BEGIN The data
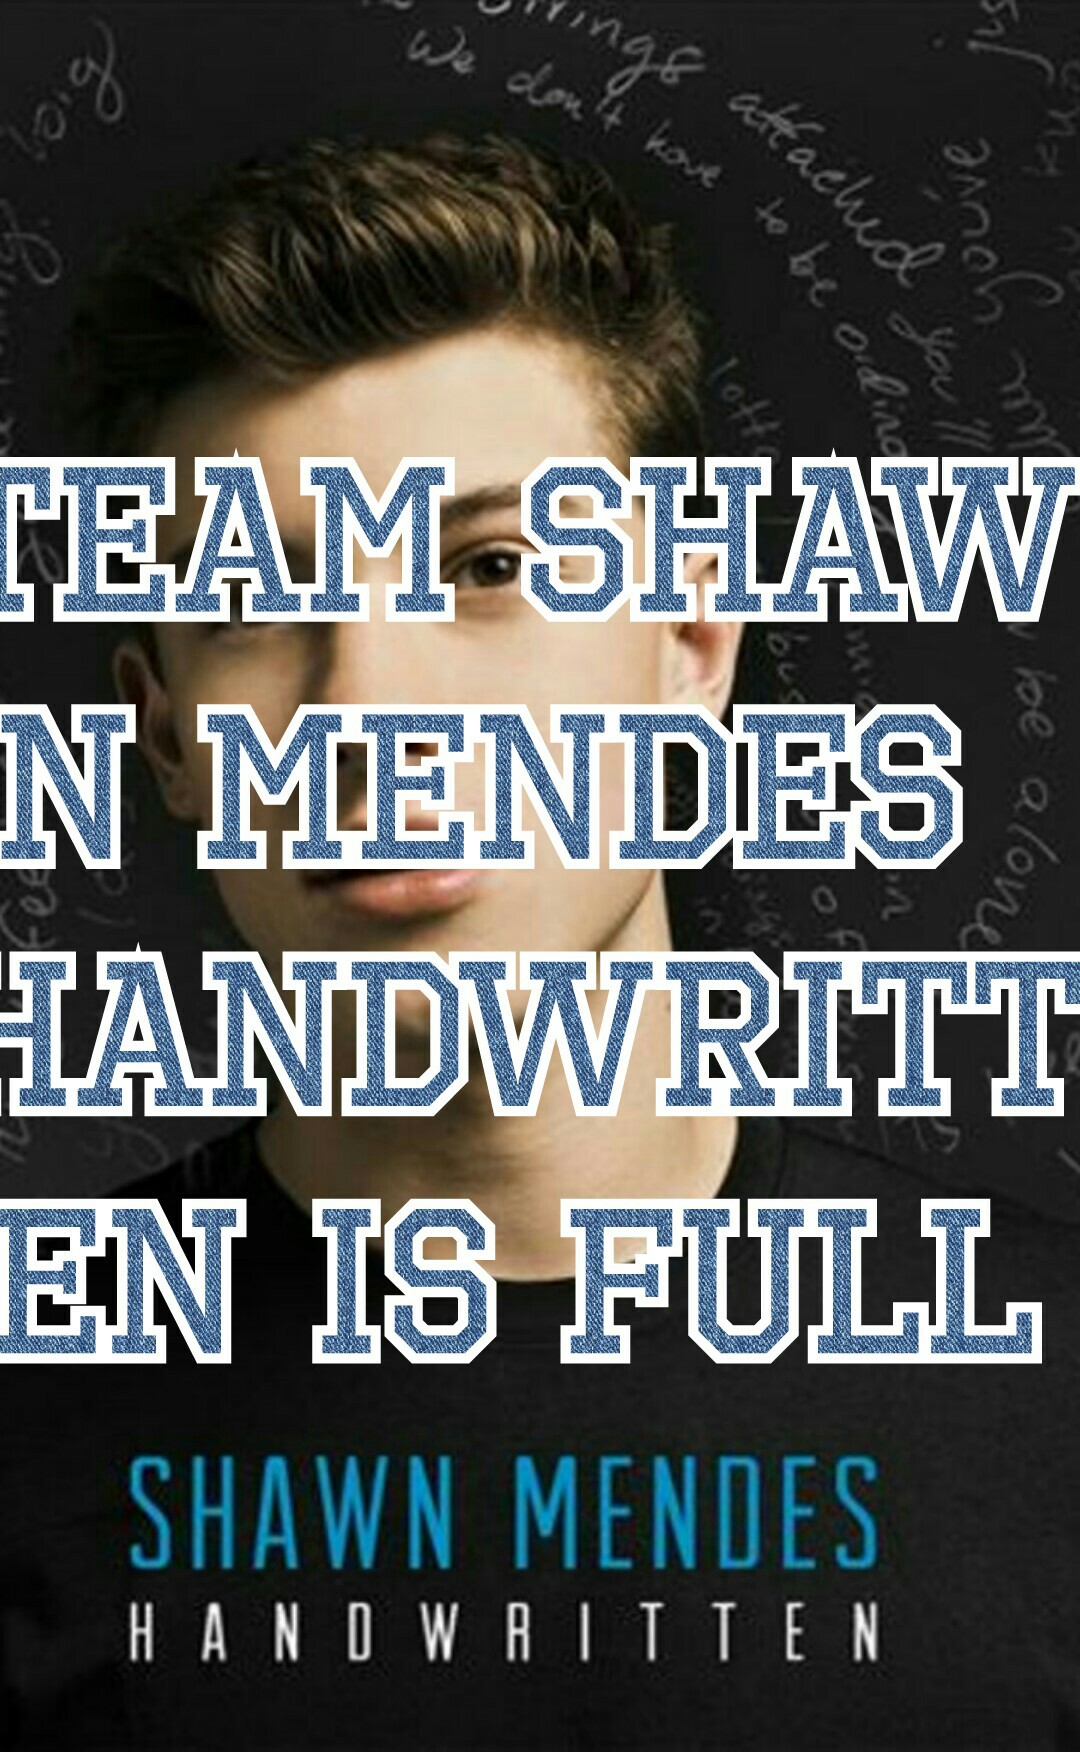 team shawn mendes handwritten and shawn mendes the album are FULL
teams...Shawn mendes illuminate, EP, and unplugged r open
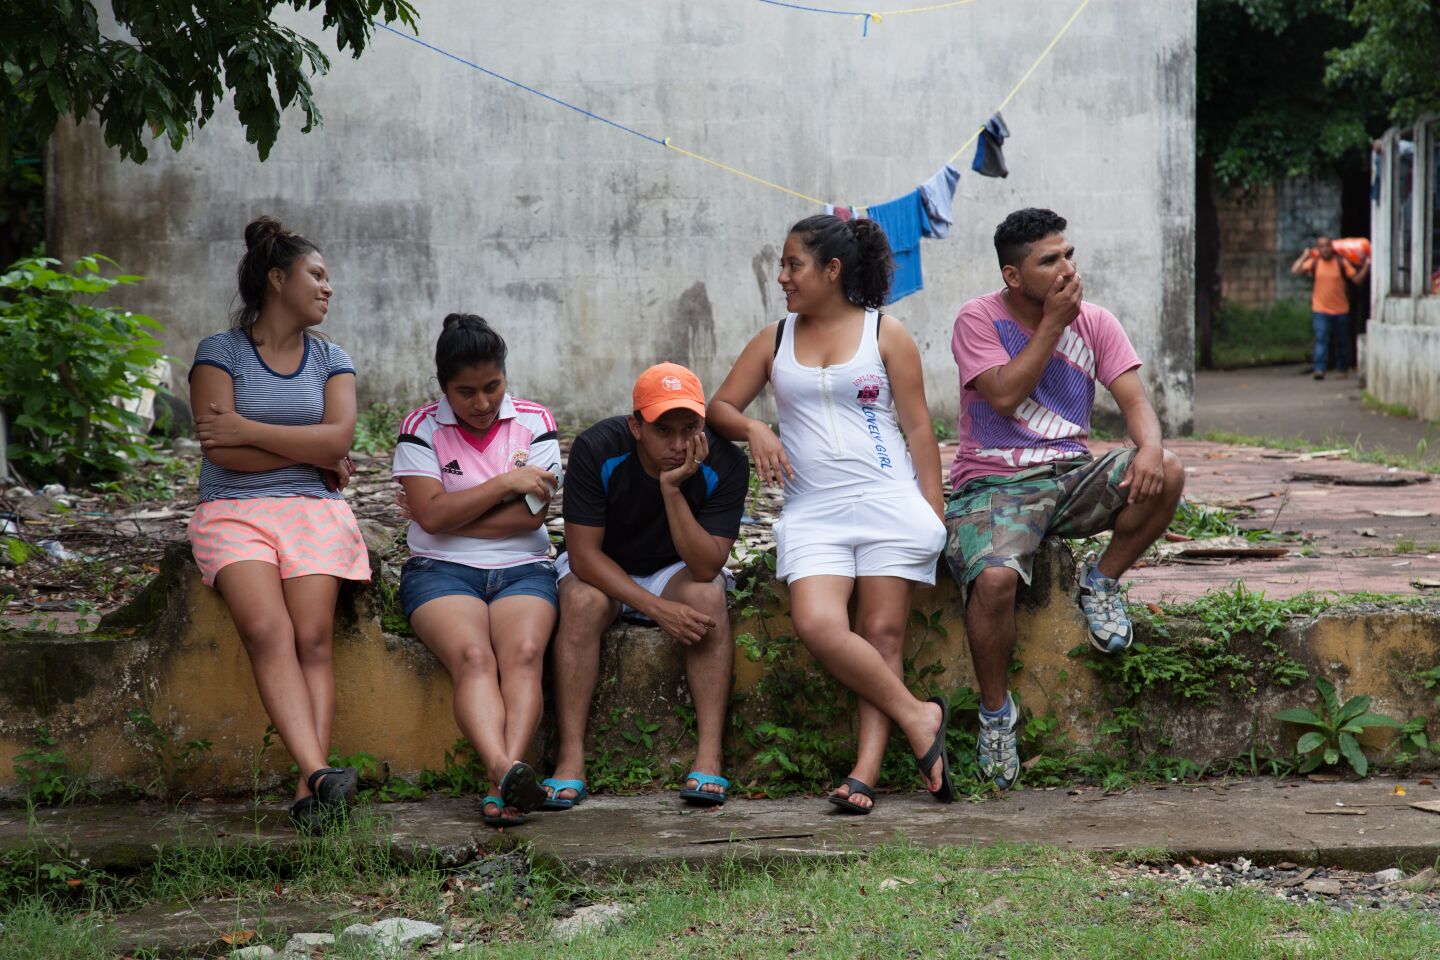 Youth from La Trinidad sit around and talk at the Jose Marti Federation school
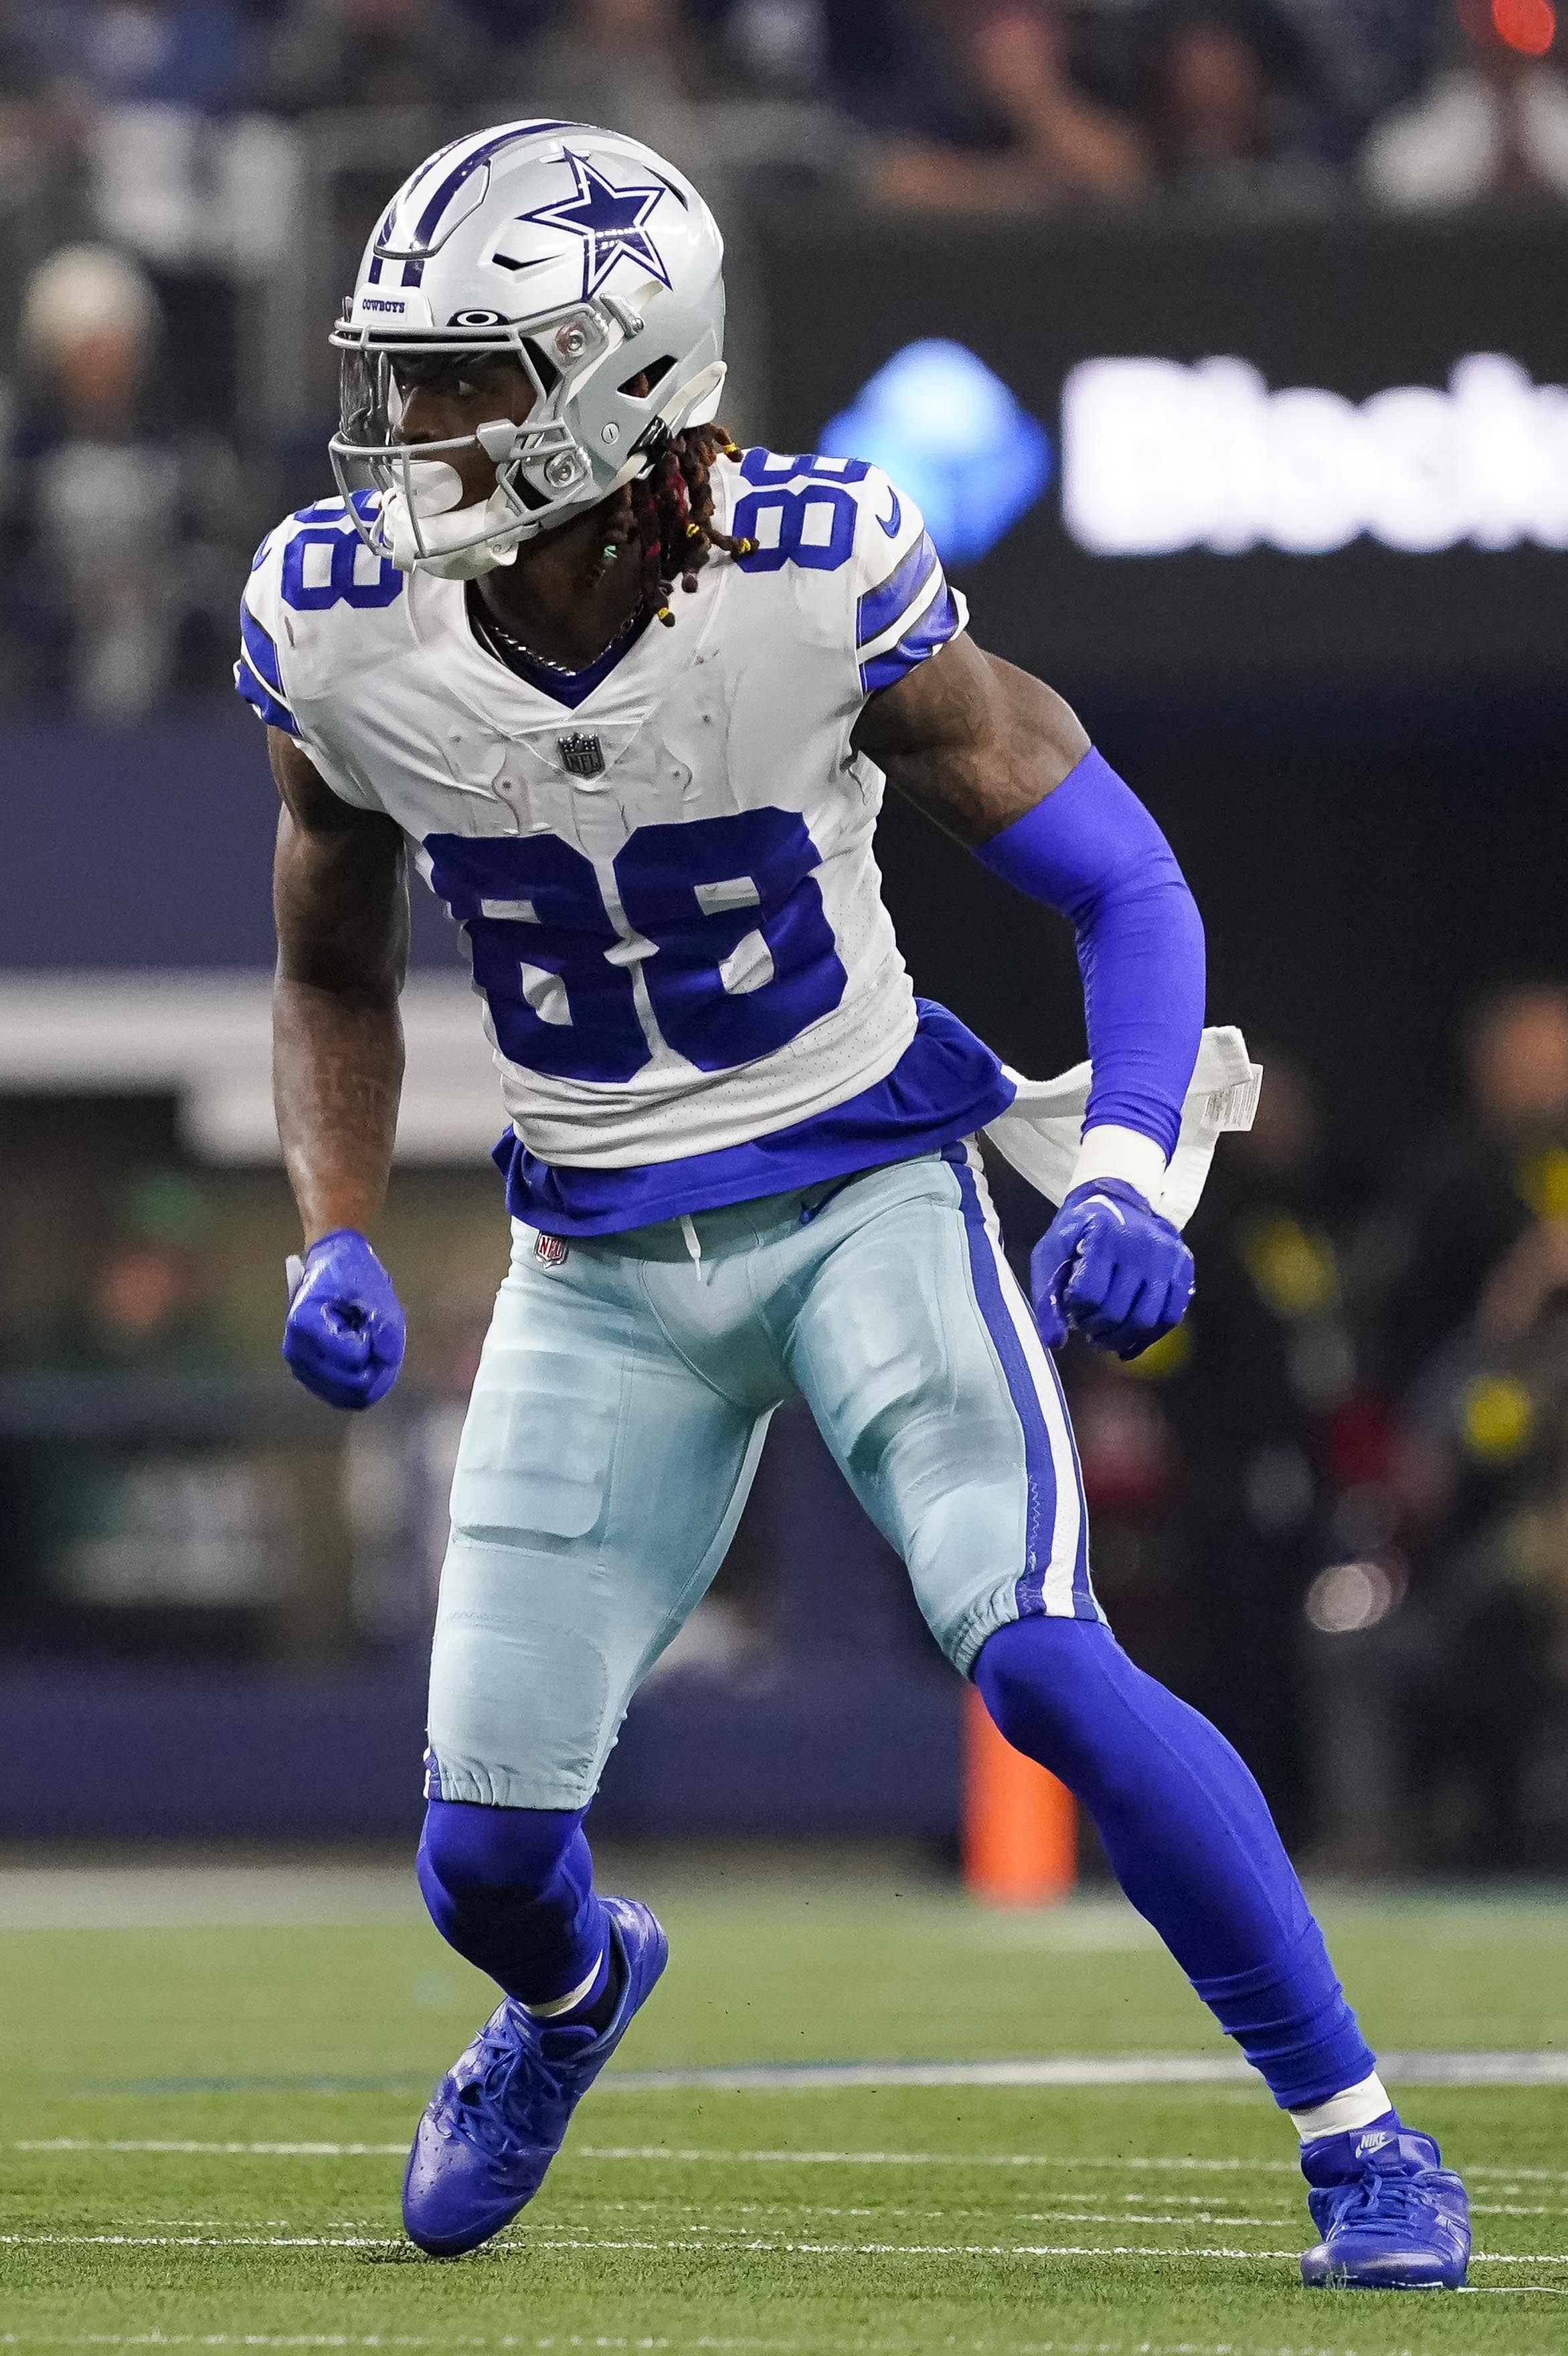 CeeDee Lamb #88 of the Dallas Cowboys runs during the second quarter of a game against the Philadelphia Eagles at AT&amp;T Stadium on December 24, 2022 in Arlington, Texas.
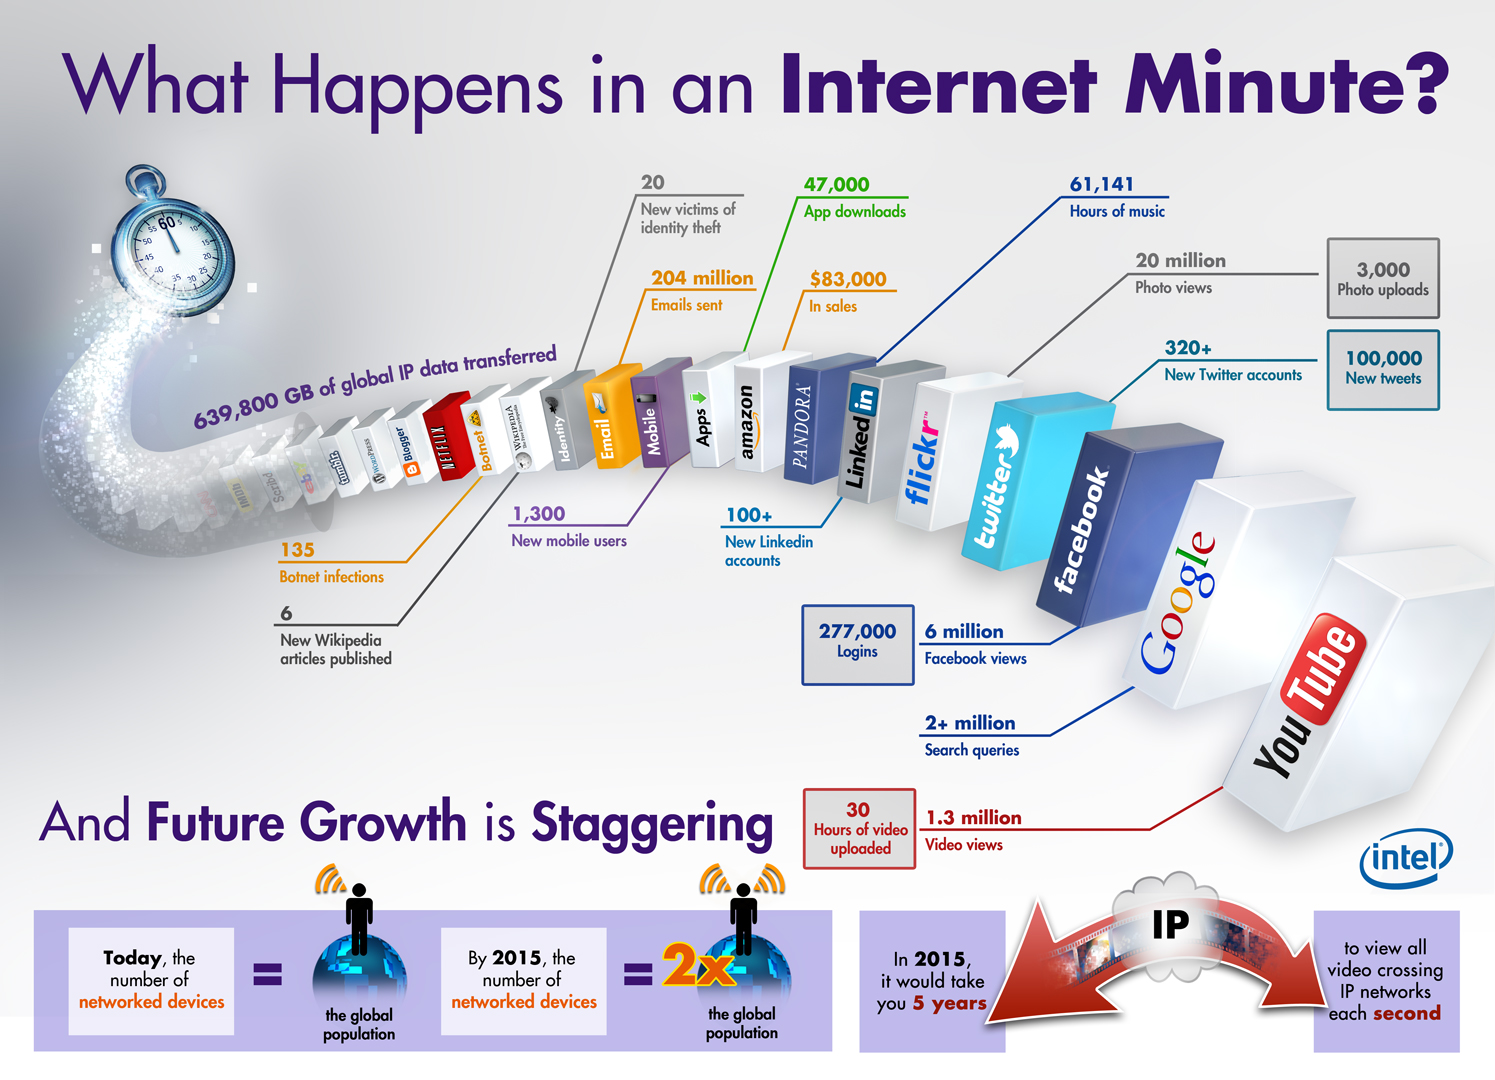 What happens in a minute on the internet?
END The data
= About this exercise =
Skip the pictures and copy exactly the lines from the one containing "Youth from La" through the end of the material, both ends included.

= Task solution =
 Youth from La Trinidad sit around and talk at the Jose Marti Federation school
 CeeDee Lamb #88 of the Dallas Cowboys runs during the second quarter of a game against the Philadelphia Eagles at AT&amp;T Stadium on December 24, 2022 in Arlington, Texas.
 What happens in a minute on the internet?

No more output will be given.